That looks like they took some inspiration from Interstellar in the second concept. Not that the movie was the first (or the hundredth) to posit the idea.
Maybe in scale, but MGS2 had DoF, shadows, rain and other effects that were cutting edge at the time.
Why not create a video of you running into a korean then? Or shooting out their feet? So that we can compare... Also, we were orgiinally not even talking about THAT animation. But rather the gifs I posted.
edit: also, those webms of the koreans dying look nothing like the .gif from KKRT running in the the cell soldier's feet.
And Halo has bump and normal mapping, and other shader effects that were a generation ahead of anything the PS2 would do in its entire lifetime.
i was always referring to this gif when i said i remembered it from crysis 1 and it made me cringe. they look exactly like it
Not really. 1998-2002 are the only years in which the most powerful hardware is debatable.
Nothing came close to KZ2 when I played the beta back in the day. Fact, no one believed those graphics were possible in real time without a very high end machine.
To be fair, if the xbox tried to run as much alpha as present in MGS2s rain.. it would choke and die. But I still think Halo should be on top there.

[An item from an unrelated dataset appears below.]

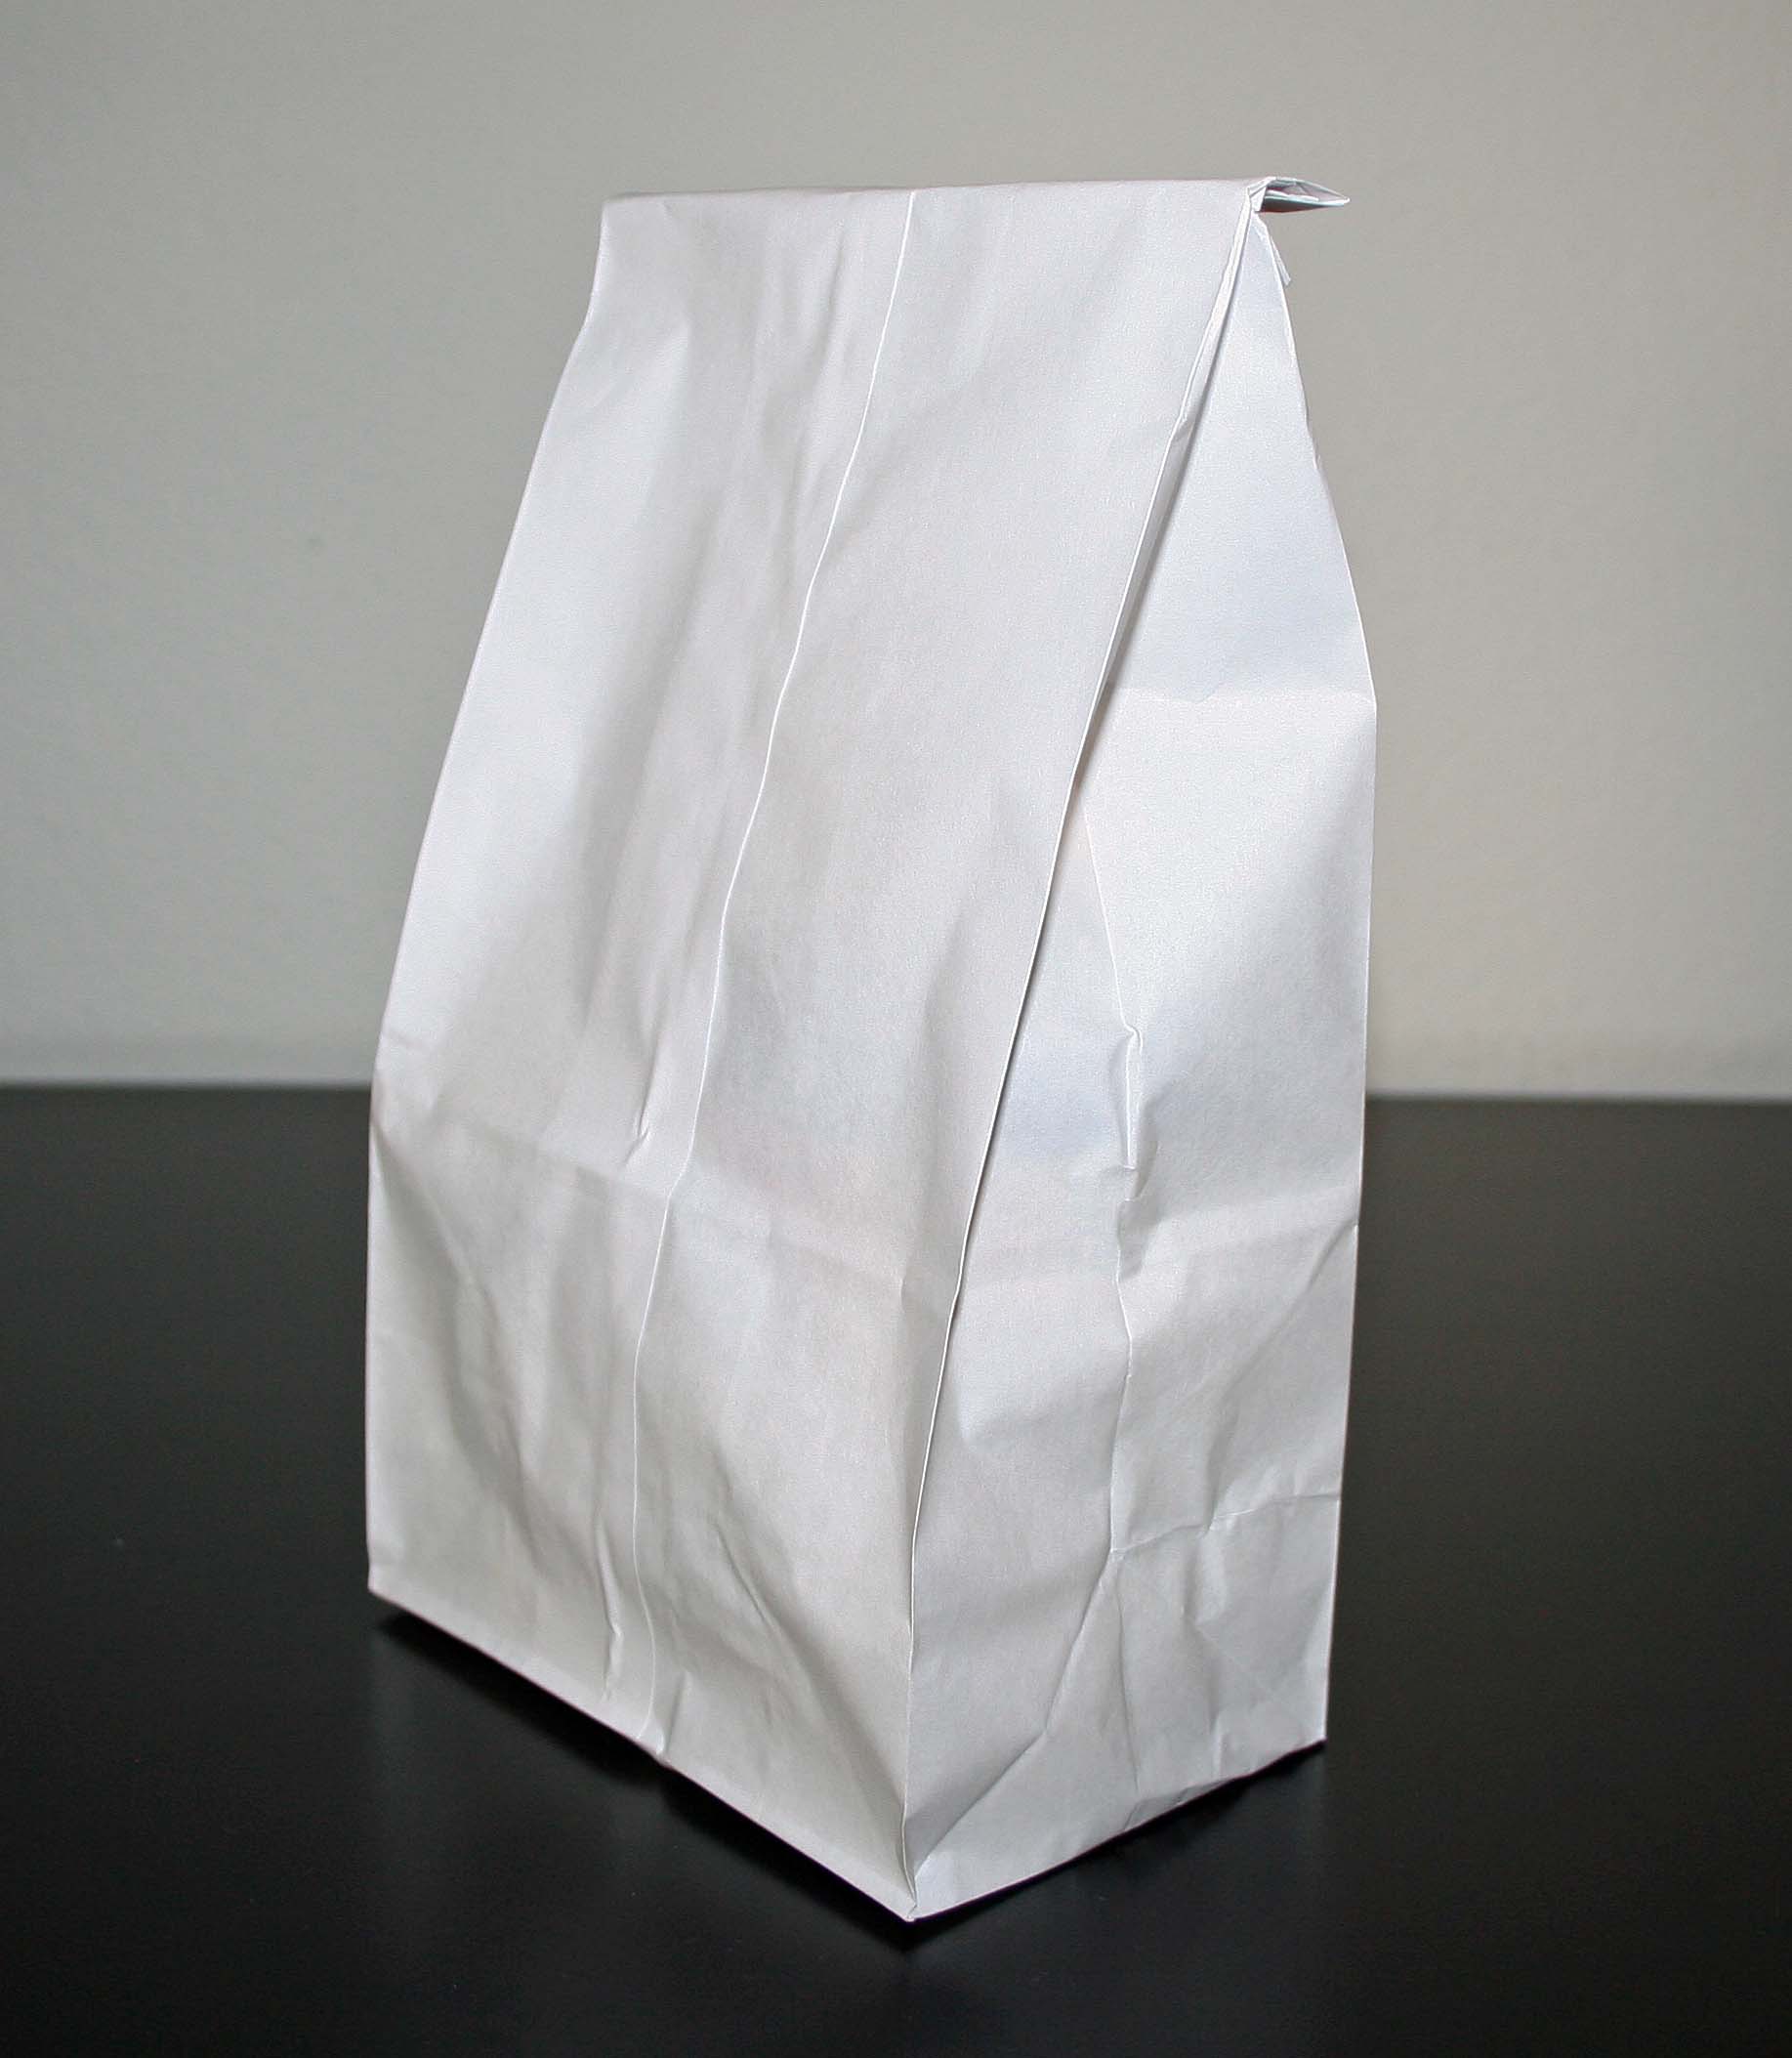 White paper bag on white and black background

Well, the Xbox took a valiant stab at those effects in MGS2: Substance. They're noticeably downgraded, yes, but the Xbox could do alpha effects; it just couldn't throw them around as much as PS2.
Conversely, the PS2 simply could not have run even a rough approximation of the normal mapping, bump mapping, and shader effects of Halo.
You seem to want a completely different thread, where people simply talk about the games that impressed them personally... one where an OP really couldn't award a game for each year, because you could never really claim that other games even on less capable platforms are accomplishing more when you take the platform's limitations into account.
To be fair, if the xbox tried to run as much alpha as present in MGS2s rain.. it would choke and die. But I still think Halo should be on top there.
Are you saying that gif from KKRT resembles the two deaths you told me to look at from the Crysis Warhead vid? Because I do not see it at all. In fact, they are completely different!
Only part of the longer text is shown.